Open data infrastructure is the gist of the concept of “government as a platform” formulated by Tim O’Reilly [1, p. 11]. O’Reilly expands on the notion of open data by demanding governments to expose not only raw open data, but also open web services. Government as a platform is a provider of services built on open data. The services, accessible to anyone, offer ways of interfacing with data on which they are based, allowing to perform basic operations on that data. In this way, these open services form an API for the public sector.
This line of thinking sees the public sector as an enabler rather than an implementer, focusing more on creating an open environment rather than delivering end-user services. In contrast to government that works as a platform, current governments may be described rather as “vending machine governments” [Ibid., p. 13]. In such governments citizens pay taxes and expect services in return. If no services are provided or the obtained services are not satisfactory, citizens protest, which is like shaking the vending machine.
If we get on a more metaphorical level of the “government as a platform” concept, as Carl Malamud does, we can see law as the operating system of society [Ibid., p. 45]. Law provides rules that govern society, similar to operating systems governing the allocation of system resources. For an open and democratic society not only an unfettered access to its underlying infrastructure is necessary, it is crucial to guarantee equal access to law as well. As Malamud puts it, “if a document is to have the force of law, it must be available for all to read” [Ibid., p. 46]. Law, the operating system of society, has to be made open source.
What is important on the government as a platform is that this idea needs generative data. Jonathan Zittrain defines generativity as the “system’s capacity to produce unanticipated change through unfiltered contributions from broad and varied audiences” [2, p. 70]. It is a property that describes the ability of users of the system to produce new content unique to that system without any input from the system’s creators. The generativity of a system is based on its affordances, “the possible actions that exist in a given environment” [Ibid., p. 78].
Platforms balance control with generativity. Open infrastructures favour generativity and loose control mechanisms. Open data model incentivizes peer production of applications based on the data [3, p. 331]. Jonathan Zittrain claims that “generatively-enabled activity by amateurs can lead to results that would not have been produced in a firm-mediated market model” [2, p. 84]. This is the essence of the Many minds principle that asserts that “the coolest thing to do with your data will be thought of by someone else.”
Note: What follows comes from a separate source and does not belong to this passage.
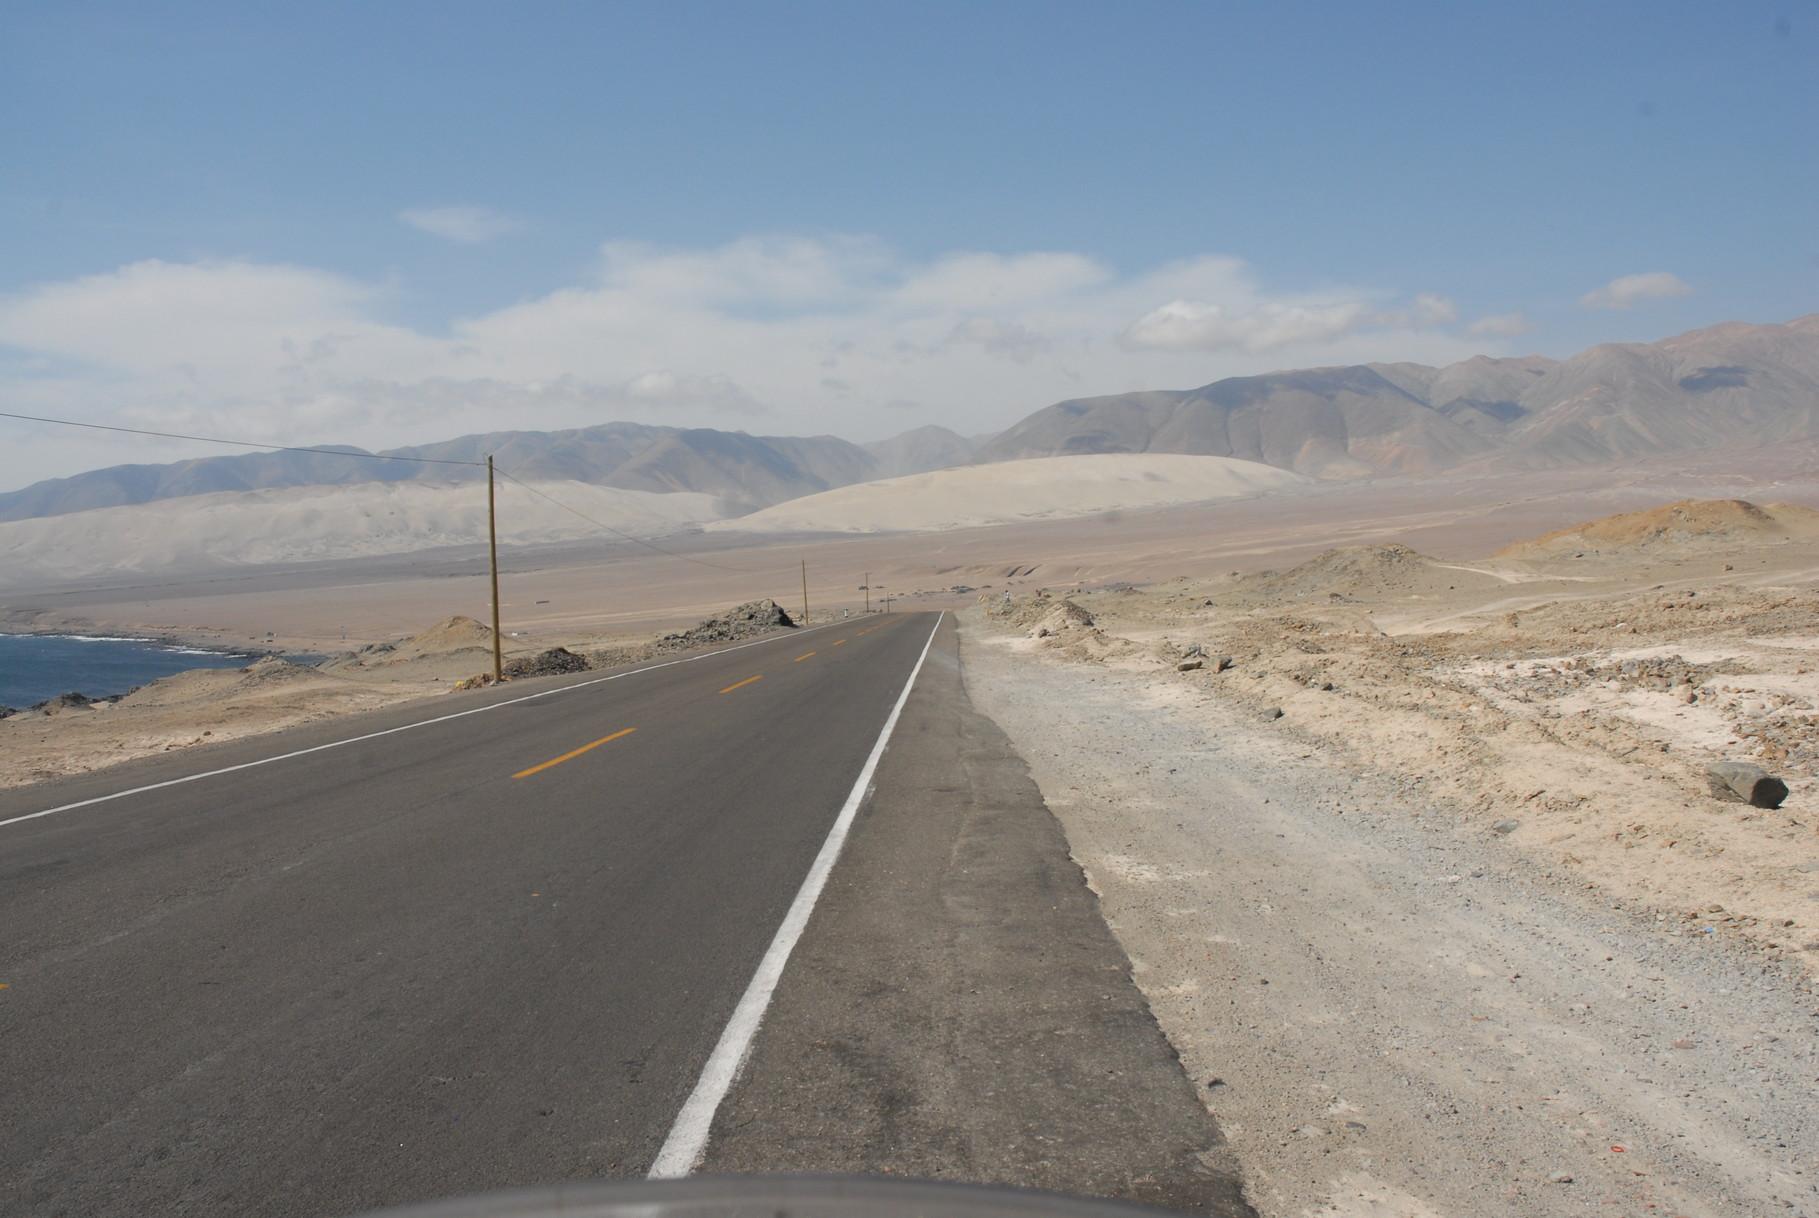 Wieder quer durch die Pampa ... allmählich wird es langweilig ...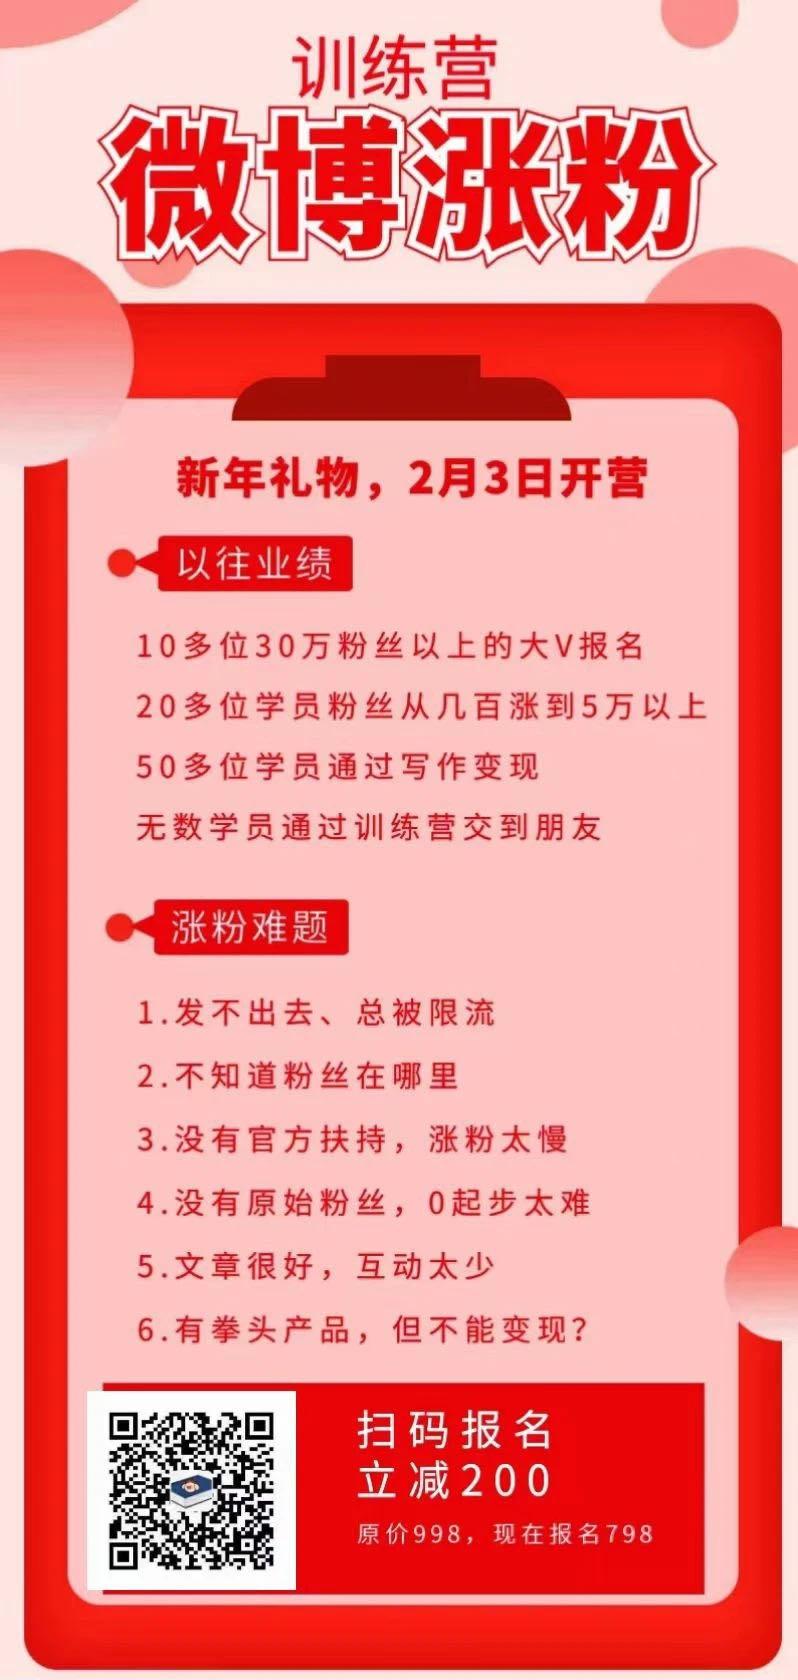 价值998元的写书哥微博涨训粉练营百度网盘下载地址.jpg

Bill Schrier writes that “governments should provide services which are difficult or impossible for the public to provide for themselves, or which are hard to purchase from private businesses” [1, p. 305]. The rest of the services should be catered for by the public, by businesses or civic associations. What contributes to this approach is the recognition that “the needs of today’s society are too complex to be met by government alone” [4]. Ultimately, “if the private sector can make downstream products more cheaply or meet consumer demands in other ways, then the public sector body should consider pulling out of the market” [5, p. 38]. The solution is to open up the data infrastructure that the public sector works on and invite third parties to build on it. In this way, exposing public sector data within an open infrastructure enables to complement government-provided services with citizen self-service. Although the government as a platform principle is still in an early stage of realization, there are several places in which the public sector opened up its infrastructure to others. To give an example of this principle in action, the Global Positioning System (GPS), that the US government made publicly available for full commercial use a decade ago, may be considered [1, p. 44]. Built on geospatial data, this system provides geolocation services that are open to anyone to access, free of charge.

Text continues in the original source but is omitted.